Supplied material
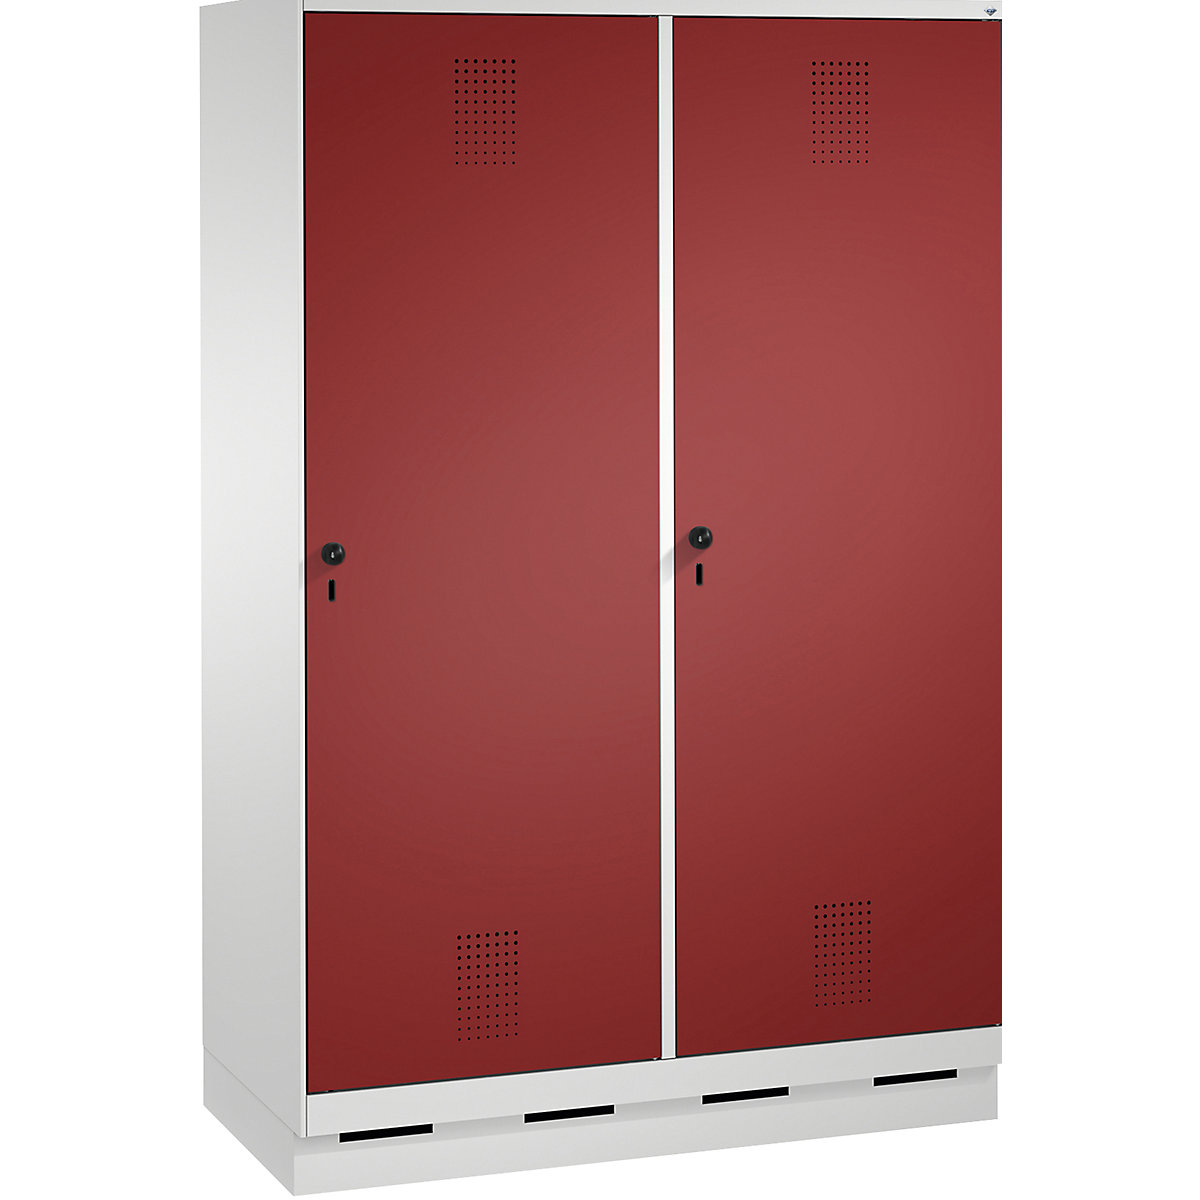 EVOLO cloakroom locker, door for 2 compartments, with plinth – C+P, 4 compartments, 2 doors, compartment width 300 mm, light grey / ruby red-9
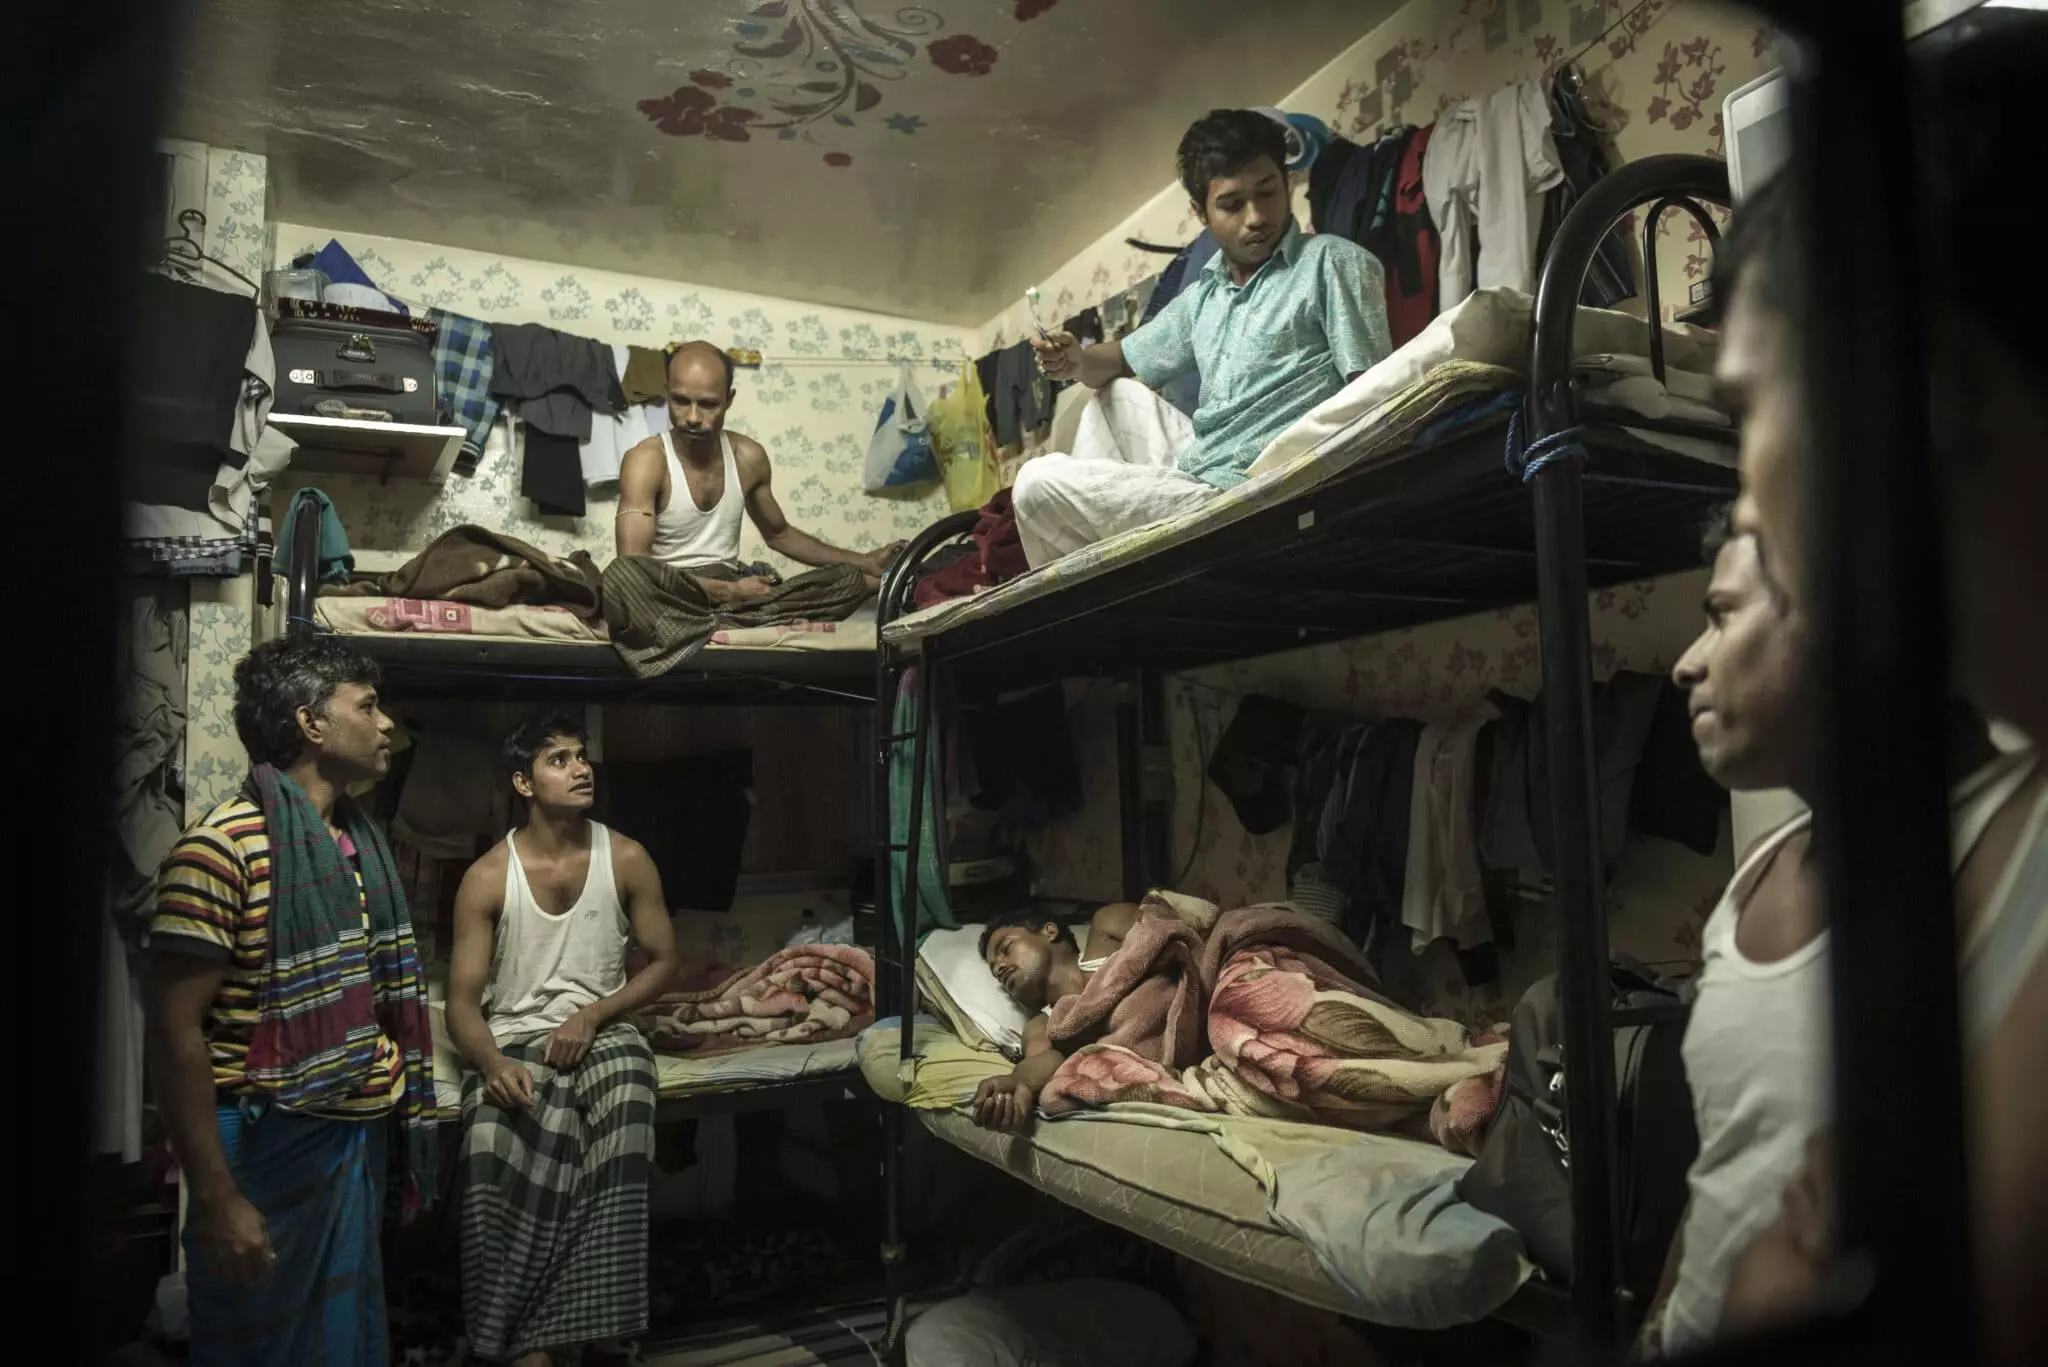 UAE migrant workers accommodation
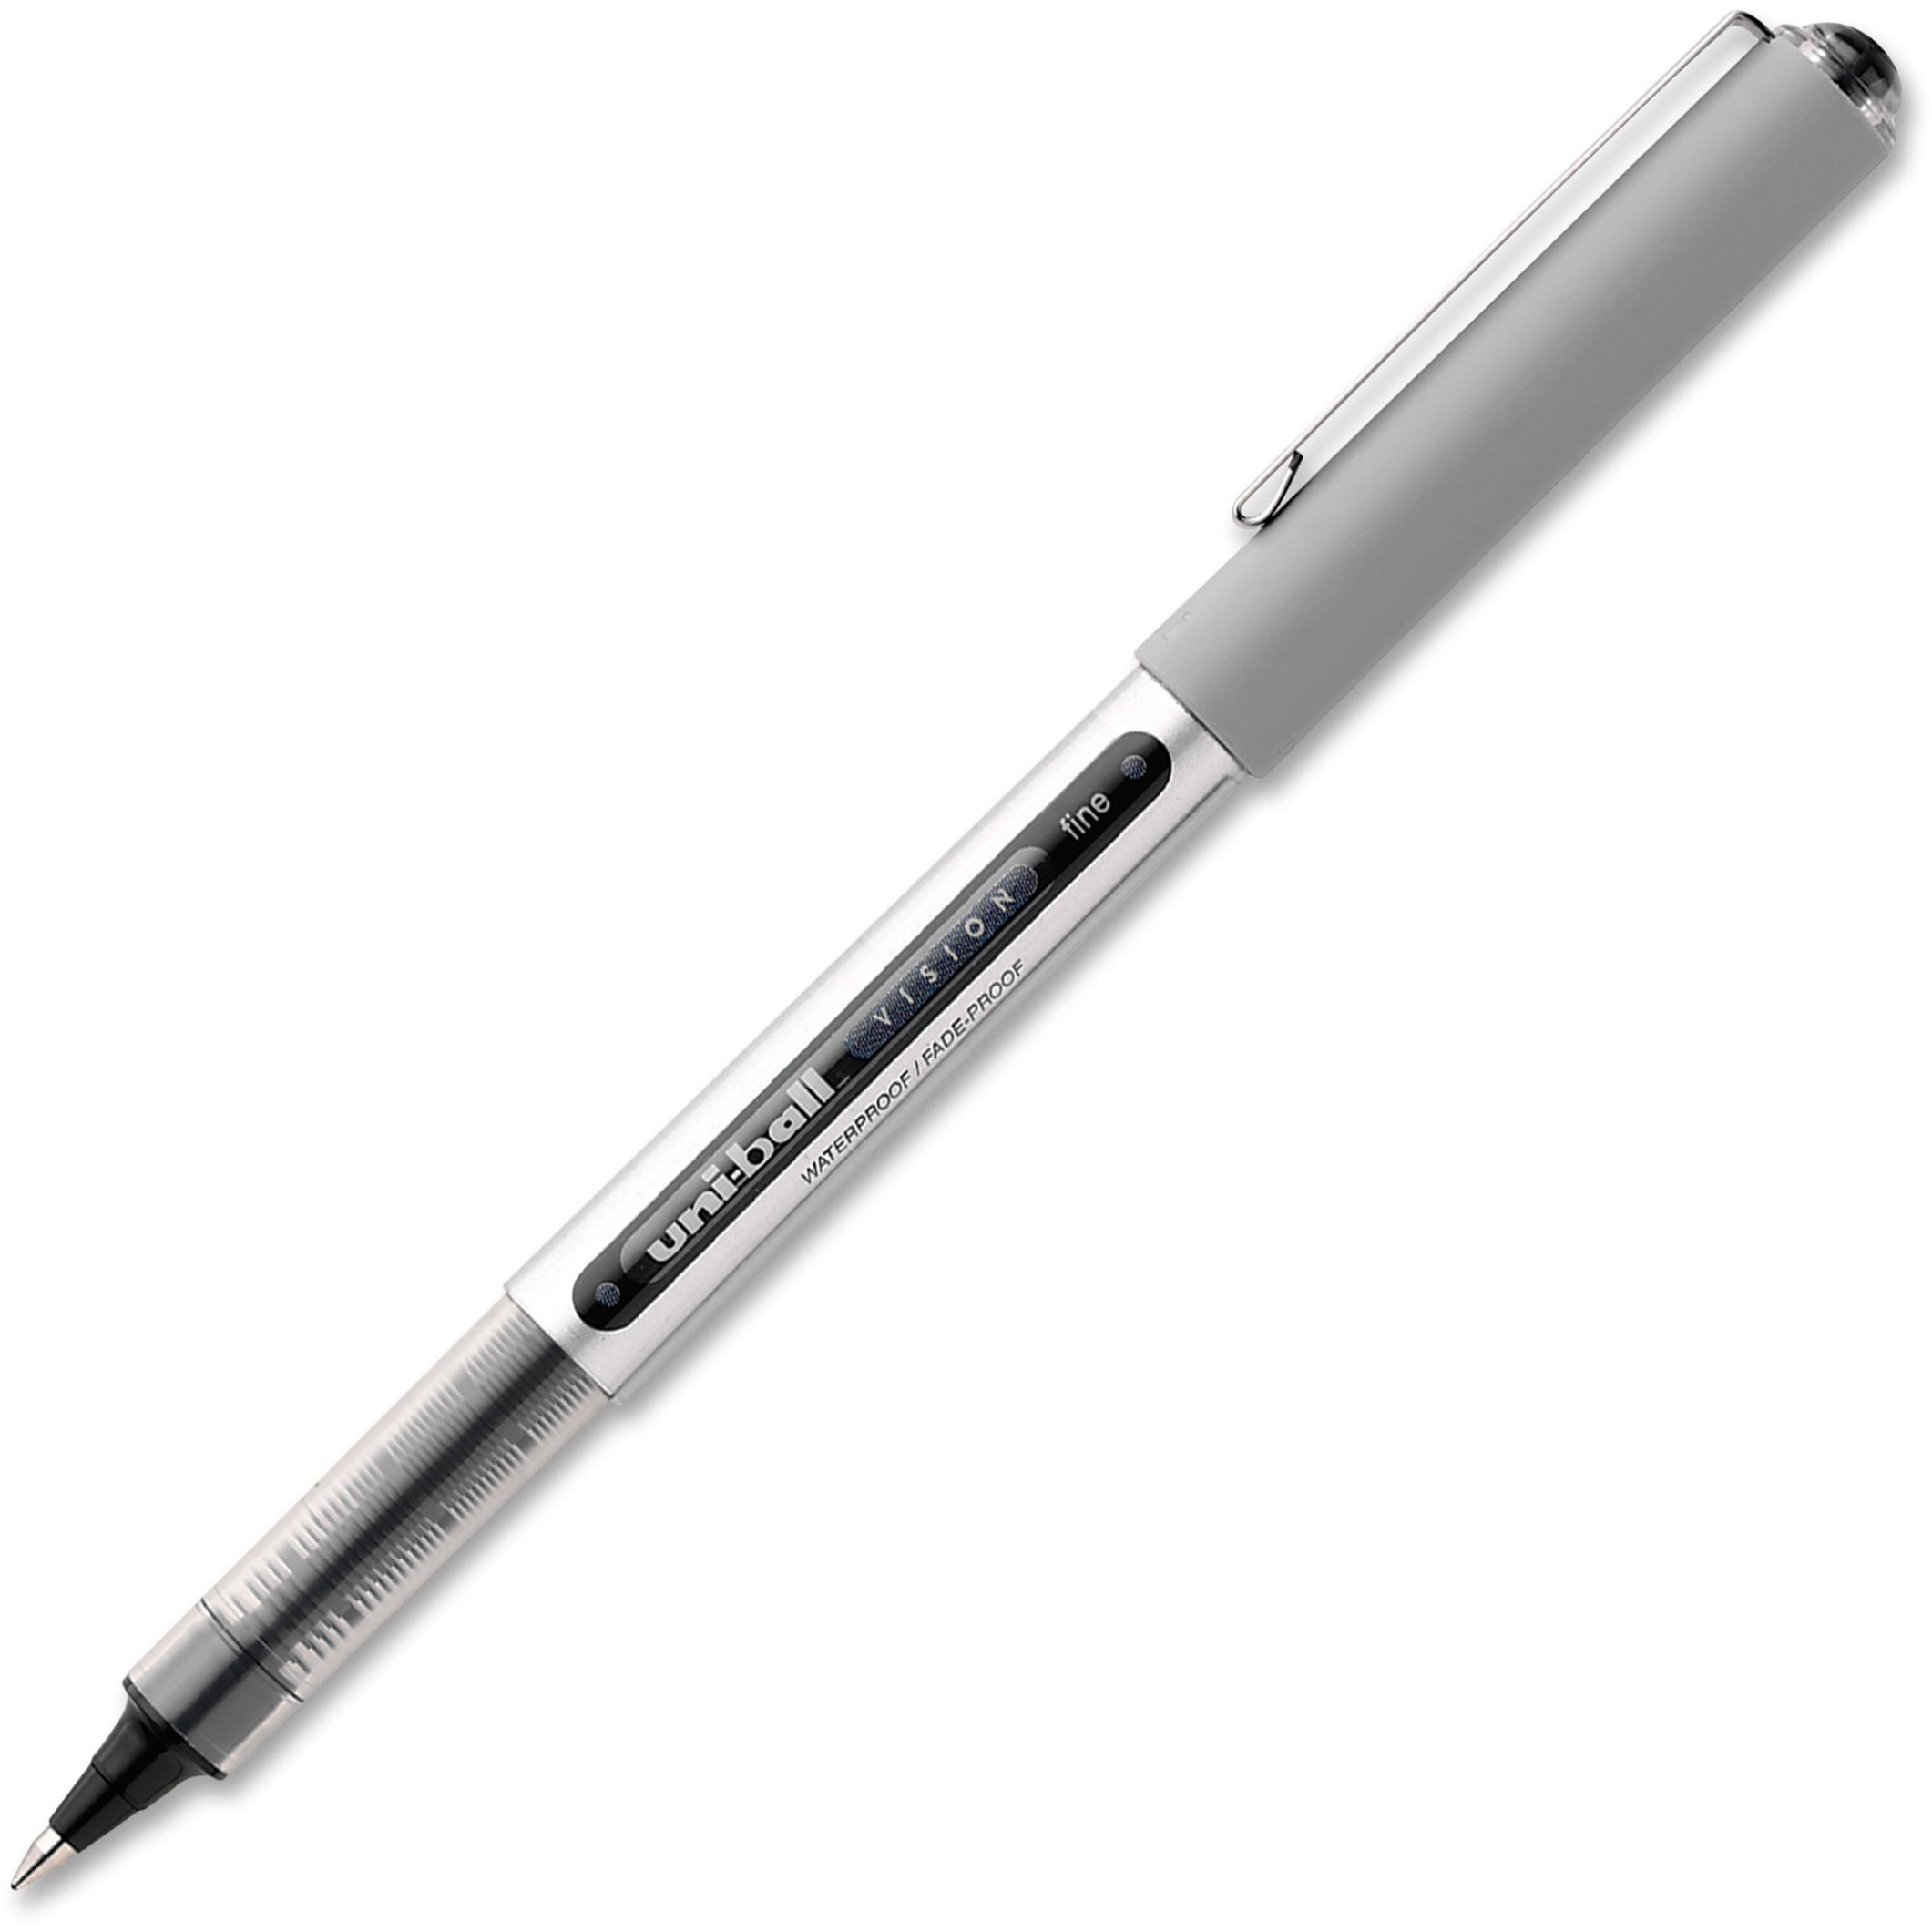 Blue or 3 Colour. Available in Black Uniball eye 0.7mm Fine Pen 5 Pack

Activity
Leaving out the pictures, repeat the data above exactly.

Reply
 EVOLO cloakroom locker, door for 2 compartments, with plinth – C+P, 4 compartments, 2 doors, compartment width 300 mm, light grey / ruby red-9
 UAE migrant workers accommodation
 Blue or 3 Colour. Available in Black Uniball eye 0.7mm Fine Pen 5 Pack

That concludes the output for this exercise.